​Where did Wall Street go so Wrong?
Hedge funds/Wall Street continued selling counterfeit shares or naked shorting in 2020, and this drove GameStop’s price down to $4 per share. Ryan Cohen, the co-founder and former CEO of Chewy.com was officially introduced as Gamestop's new chairman in January 2021.
Ryan Cohen convinced Wall Street that pets are big business, and went head-to-head against Amazon in this major category beating them handily. Cohen, through his investment company RC Ventures, bought 9,001,000 shares of GME stock at $8.43 per share in September 2020. Due to his substantial investment in GME, his prior expertise in building a successful e-commerce business, and his especially strong opinion about the poor performance of GameStop’s leadership team, it's no surprise that he then wrote the following letter to GameStop’s Board of Directors.
What Really Happened in January 2021
Now retail investors, fully aware of what Ryan Cohen’s expertise brings to the table, went into a worldwide buying frenzy. This sent GME's stock price soaring. As this was happening, a small amount of short sellers started to buy-to-close their short positions. This extra buying demand exerted even further upward momentum on the stock price.

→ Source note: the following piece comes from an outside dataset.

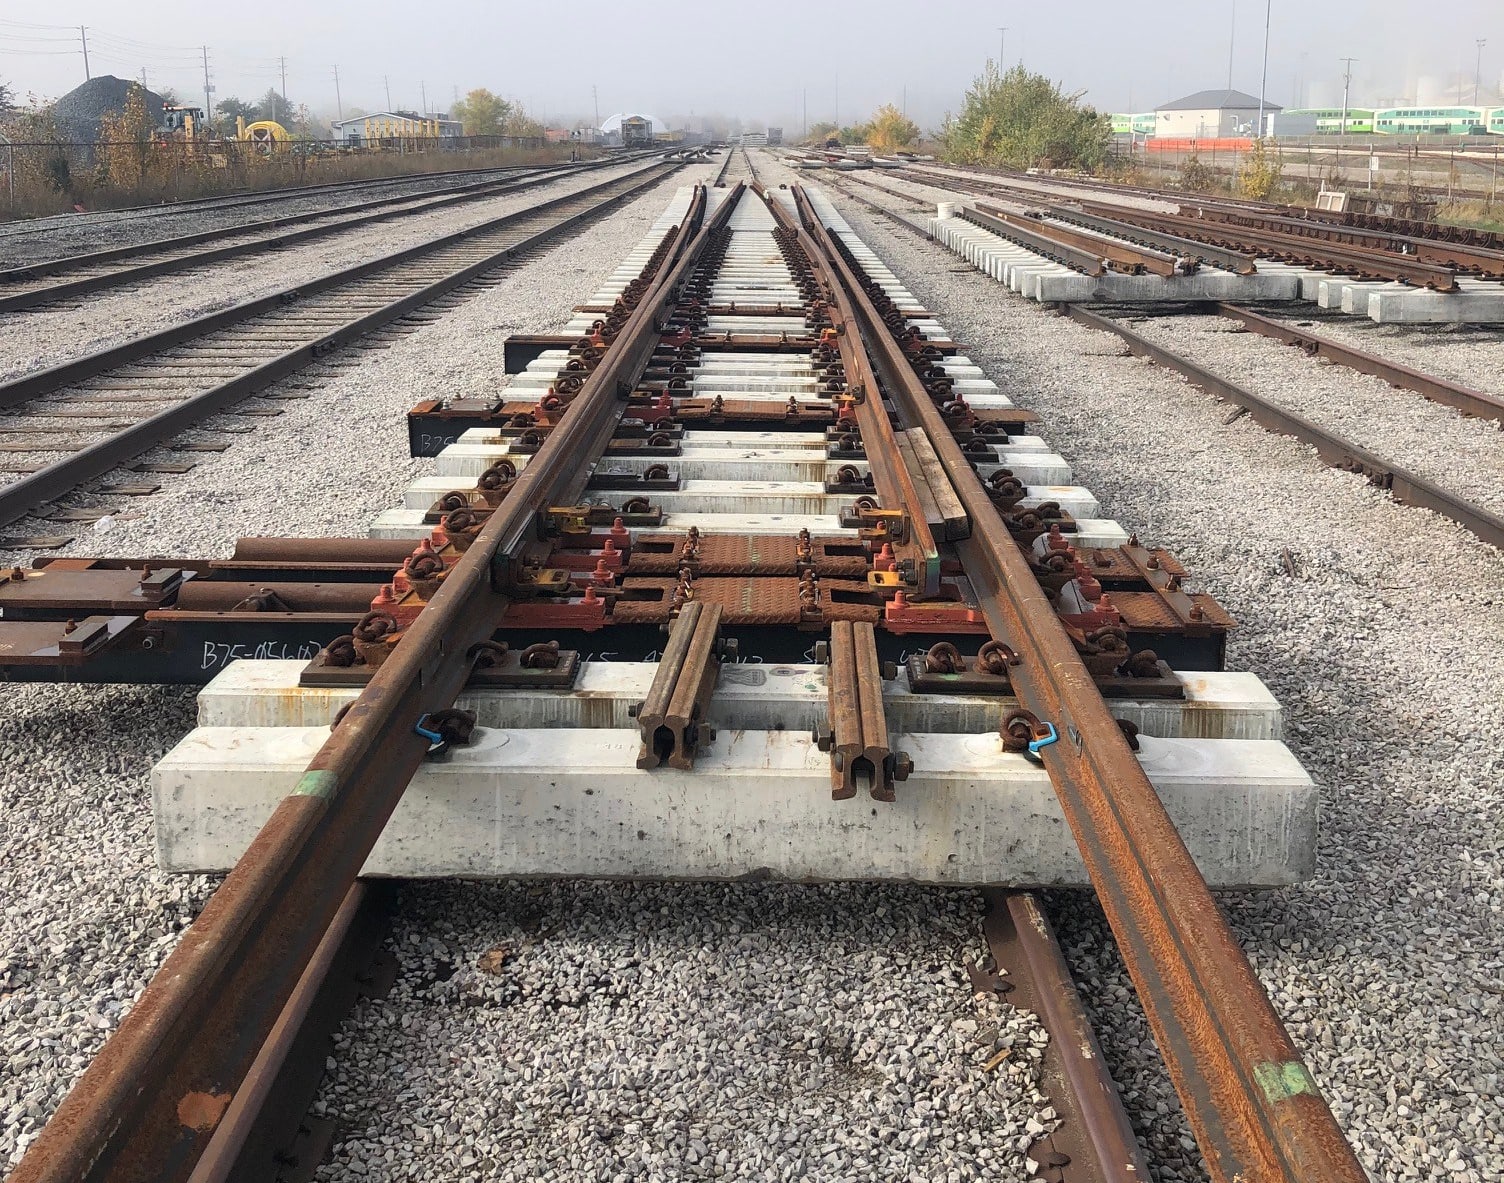 The new switch plant with concrete rail ties sits in the nearby rail yard waiting to be installed.

Remember the example from Sears discussed earlier? That is the same catastrophic predicament the hedge funds and brokers were facing on Jan. 28th of 2021. Unlike the example, it wasn’t just one person’s life savings, or even one entire bank’s assets at stake, the entire US financial system was at risk - and still is now!
"We have come dangerously close to the collapse of the entire system"
THOMAS PETERFFY, FOUNDER AND CHAIR OF INTERACTIVE BROKERS
That risk was a good reason to prompt Robinhood (and other brokers) to turn off the buy button. This immediately resulted in its intended purpose of driving GME's (as well as many other heavily short-sold companies still maliciously referred to by MSM as “meme stocks”) stock price from $482.85 on January 28th all the way down to $193.60 on January 31st! There were 3 congressional hearings in the months afterward. It is with conviction, that many retail investors believe Wall Street has been continually manipulating GME stock price since January 2021, which is only digging the hole deeper and deeper to delay the inevitable collapse they are facing. Short sellers are clinging to the desperate hope that Ryan Cohen and GameStop’s turnaround plan is not the raging success GME stockholders expect it to be. They are trying to survive “one more day”.
"Each thing we did bought us one more day...the choice was between painful and more painful"
KEN GRIFFIN, CEO OF CITADEL LLC
Unless GameStop goes bankrupt, Wall Street must inevitably buy-to-close their positions. Bankruptcy is looking extremely unlikely with the Cinderella story of GameStop’s revival by top-notch leadership & a passionate community of well-educated investors who love the stock. Either GameStop’s success will soon force them to close positions, or retail investors direct registering all 304 million shares and “locking the float” will.